EXERCISE INSTRUCTIONS:
Going down the data below, set down exactly the line with "Trucks are jammed" and each line after it through the line with "Siyun Show Straight"; no other lines.

EXTRACTED INFORMATION:
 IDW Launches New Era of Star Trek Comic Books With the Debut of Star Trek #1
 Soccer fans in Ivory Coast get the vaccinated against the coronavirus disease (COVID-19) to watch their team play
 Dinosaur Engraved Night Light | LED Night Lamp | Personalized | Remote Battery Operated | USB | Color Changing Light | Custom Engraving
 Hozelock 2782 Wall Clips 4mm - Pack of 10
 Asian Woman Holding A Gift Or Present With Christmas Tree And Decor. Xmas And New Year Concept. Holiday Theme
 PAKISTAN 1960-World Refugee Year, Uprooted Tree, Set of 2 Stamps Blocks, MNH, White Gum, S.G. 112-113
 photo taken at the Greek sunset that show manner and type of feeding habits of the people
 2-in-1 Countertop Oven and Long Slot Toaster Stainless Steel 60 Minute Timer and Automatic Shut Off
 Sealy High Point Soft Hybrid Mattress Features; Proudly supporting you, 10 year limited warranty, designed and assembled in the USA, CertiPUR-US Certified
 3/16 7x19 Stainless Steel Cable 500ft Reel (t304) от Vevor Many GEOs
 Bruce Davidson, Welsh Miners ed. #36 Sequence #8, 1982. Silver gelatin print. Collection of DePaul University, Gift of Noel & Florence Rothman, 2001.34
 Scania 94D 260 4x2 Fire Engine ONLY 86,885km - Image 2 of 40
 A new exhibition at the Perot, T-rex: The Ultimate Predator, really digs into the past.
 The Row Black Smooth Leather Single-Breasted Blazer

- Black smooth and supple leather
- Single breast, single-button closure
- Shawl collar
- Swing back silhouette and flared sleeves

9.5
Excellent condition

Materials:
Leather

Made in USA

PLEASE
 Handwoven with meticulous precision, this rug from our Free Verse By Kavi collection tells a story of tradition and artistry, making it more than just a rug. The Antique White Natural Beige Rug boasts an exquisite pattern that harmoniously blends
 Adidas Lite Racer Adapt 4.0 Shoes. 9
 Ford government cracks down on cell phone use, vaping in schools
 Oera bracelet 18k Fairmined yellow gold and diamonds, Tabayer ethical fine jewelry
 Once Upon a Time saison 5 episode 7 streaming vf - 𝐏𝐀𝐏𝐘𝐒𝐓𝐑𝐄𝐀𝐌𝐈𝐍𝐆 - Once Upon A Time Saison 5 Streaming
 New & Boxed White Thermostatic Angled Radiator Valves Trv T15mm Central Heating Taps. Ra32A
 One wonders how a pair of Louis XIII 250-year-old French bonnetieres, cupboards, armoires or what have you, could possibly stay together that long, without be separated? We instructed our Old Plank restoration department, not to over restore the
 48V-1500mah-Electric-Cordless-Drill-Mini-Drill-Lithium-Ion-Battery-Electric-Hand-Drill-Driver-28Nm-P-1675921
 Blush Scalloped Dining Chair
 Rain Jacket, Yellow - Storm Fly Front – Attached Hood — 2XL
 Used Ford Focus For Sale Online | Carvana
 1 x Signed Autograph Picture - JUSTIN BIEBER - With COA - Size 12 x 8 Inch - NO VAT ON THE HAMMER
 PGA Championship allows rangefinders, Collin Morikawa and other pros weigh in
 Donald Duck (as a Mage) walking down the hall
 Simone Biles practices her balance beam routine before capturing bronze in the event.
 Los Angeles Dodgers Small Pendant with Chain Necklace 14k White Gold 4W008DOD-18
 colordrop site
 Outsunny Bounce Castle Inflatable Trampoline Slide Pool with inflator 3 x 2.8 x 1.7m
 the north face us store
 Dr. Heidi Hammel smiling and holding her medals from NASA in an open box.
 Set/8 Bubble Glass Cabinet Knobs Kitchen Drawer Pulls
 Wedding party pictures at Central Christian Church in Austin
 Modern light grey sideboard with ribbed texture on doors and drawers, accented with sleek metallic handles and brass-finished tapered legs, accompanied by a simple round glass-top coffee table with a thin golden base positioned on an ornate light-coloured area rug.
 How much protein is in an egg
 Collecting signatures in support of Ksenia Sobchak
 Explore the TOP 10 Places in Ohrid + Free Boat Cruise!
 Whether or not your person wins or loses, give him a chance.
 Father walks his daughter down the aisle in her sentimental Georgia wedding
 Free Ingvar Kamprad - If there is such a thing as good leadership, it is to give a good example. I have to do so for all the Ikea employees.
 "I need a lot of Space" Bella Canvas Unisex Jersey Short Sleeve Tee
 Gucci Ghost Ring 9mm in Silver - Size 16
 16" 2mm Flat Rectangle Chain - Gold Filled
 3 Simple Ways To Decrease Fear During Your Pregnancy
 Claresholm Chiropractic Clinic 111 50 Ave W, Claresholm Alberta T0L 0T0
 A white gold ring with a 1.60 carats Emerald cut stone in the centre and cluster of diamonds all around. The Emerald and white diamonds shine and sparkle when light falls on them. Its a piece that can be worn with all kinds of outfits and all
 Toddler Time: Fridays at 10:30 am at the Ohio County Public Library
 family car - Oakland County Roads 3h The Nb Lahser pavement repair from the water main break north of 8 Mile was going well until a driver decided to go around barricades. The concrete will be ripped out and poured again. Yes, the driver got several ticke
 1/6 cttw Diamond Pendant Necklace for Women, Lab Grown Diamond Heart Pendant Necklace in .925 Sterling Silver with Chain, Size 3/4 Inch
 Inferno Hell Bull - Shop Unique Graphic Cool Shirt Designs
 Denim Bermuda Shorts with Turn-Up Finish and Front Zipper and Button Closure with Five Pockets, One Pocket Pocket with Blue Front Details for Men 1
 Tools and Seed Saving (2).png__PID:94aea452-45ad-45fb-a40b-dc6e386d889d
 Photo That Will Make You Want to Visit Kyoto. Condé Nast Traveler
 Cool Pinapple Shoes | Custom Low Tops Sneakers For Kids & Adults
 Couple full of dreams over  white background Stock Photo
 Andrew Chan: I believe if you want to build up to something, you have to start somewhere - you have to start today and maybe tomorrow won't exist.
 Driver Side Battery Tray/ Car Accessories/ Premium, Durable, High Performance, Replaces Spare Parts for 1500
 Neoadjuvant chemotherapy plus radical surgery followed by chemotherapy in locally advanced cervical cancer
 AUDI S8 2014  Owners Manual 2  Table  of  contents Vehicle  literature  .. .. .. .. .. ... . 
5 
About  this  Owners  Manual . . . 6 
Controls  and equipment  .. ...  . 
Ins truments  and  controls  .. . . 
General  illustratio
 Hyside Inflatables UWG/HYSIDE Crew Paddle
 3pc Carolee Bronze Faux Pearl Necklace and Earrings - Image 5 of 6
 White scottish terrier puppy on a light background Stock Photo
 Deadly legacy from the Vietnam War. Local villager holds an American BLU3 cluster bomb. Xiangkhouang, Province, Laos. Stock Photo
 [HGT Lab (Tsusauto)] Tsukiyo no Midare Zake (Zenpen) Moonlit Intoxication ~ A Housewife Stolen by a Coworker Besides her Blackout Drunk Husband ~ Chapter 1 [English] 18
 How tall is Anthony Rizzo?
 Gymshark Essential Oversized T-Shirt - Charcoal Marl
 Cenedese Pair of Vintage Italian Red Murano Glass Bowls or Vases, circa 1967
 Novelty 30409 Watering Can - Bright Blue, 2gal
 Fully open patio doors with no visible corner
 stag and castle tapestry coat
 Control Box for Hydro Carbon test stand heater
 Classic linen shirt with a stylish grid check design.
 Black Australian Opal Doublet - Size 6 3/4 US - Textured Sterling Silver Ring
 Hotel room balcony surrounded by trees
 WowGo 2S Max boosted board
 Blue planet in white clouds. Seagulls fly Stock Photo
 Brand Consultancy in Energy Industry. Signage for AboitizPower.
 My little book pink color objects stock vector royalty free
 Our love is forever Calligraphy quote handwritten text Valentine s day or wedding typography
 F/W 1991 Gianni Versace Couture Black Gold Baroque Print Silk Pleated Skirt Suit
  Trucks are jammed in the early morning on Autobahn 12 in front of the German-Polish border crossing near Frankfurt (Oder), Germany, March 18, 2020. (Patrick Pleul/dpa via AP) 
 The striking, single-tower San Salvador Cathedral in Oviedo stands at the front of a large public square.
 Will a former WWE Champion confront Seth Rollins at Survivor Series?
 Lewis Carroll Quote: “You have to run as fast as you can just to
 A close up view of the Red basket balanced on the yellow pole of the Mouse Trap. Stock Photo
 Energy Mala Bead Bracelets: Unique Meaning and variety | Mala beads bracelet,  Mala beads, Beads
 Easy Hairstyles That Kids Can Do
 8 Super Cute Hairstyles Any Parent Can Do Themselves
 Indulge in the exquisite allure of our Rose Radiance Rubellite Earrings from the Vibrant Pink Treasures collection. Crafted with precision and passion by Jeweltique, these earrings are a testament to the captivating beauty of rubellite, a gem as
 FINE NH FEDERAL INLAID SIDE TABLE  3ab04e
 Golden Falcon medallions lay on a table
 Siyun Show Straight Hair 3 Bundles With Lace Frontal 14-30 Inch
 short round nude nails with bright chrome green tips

TASK RESPONSE:
  Trucks are jammed in the early morning on Autobahn 12 in front of the German-Polish border crossing near Frankfurt (Oder), Germany, March 18, 2020. (Patrick Pleul/dpa via AP) 
 The striking, single-tower San Salvador Cathedral in Oviedo stands at the front of a large public square.
 Will a former WWE Champion confront Seth Rollins at Survivor Series?
 Lewis Carroll Quote: “You have to run as fast as you can just to
 A close up view of the Red basket balanced on the yellow pole of the Mouse Trap. Stock Photo
 Energy Mala Bead Bracelets: Unique Meaning and variety | Mala beads bracelet,  Mala beads, Beads
 Easy Hairstyles That Kids Can Do
 8 Super Cute Hairstyles Any Parent Can Do Themselves
 Indulge in the exquisite allure of our Rose Radiance Rubellite Earrings from the Vibrant Pink Treasures collection. Crafted with precision and passion by Jeweltique, these earrings are a testament to the captivating beauty of rubellite, a gem as
 FINE NH FEDERAL INLAID SIDE TABLE  3ab04e
 Golden Falcon medallions lay on a table
 Siyun Show Straight Hair 3 Bundles With Lace Frontal 14-30 Inch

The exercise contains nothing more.